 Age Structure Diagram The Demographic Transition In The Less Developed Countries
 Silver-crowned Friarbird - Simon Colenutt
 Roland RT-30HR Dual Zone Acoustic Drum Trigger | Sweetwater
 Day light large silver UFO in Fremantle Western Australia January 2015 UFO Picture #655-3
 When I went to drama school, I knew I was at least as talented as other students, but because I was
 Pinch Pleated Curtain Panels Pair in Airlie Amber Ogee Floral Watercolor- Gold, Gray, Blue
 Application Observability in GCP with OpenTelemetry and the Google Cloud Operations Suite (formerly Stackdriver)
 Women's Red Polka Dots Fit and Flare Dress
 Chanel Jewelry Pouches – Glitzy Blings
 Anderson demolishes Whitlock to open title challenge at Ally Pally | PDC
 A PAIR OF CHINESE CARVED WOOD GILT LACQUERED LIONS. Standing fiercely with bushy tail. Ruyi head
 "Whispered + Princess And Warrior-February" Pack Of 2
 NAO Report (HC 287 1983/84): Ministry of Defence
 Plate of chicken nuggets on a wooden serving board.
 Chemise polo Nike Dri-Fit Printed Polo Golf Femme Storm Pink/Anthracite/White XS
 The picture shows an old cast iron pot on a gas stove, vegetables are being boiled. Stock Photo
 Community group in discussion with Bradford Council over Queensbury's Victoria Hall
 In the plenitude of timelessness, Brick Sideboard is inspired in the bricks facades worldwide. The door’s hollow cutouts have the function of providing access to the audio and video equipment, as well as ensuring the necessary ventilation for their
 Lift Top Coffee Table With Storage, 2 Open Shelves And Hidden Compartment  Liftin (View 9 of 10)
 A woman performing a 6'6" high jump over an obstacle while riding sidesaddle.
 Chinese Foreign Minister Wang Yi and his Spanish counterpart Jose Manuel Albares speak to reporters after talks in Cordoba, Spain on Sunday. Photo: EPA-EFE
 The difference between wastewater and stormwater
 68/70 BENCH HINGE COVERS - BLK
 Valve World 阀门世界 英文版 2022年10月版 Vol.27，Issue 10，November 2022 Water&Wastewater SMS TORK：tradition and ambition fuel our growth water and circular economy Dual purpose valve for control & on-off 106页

------------

Required work
In the data above, count the lines where the word "Dual" appears; reply with the number only.

Solution to this problem
2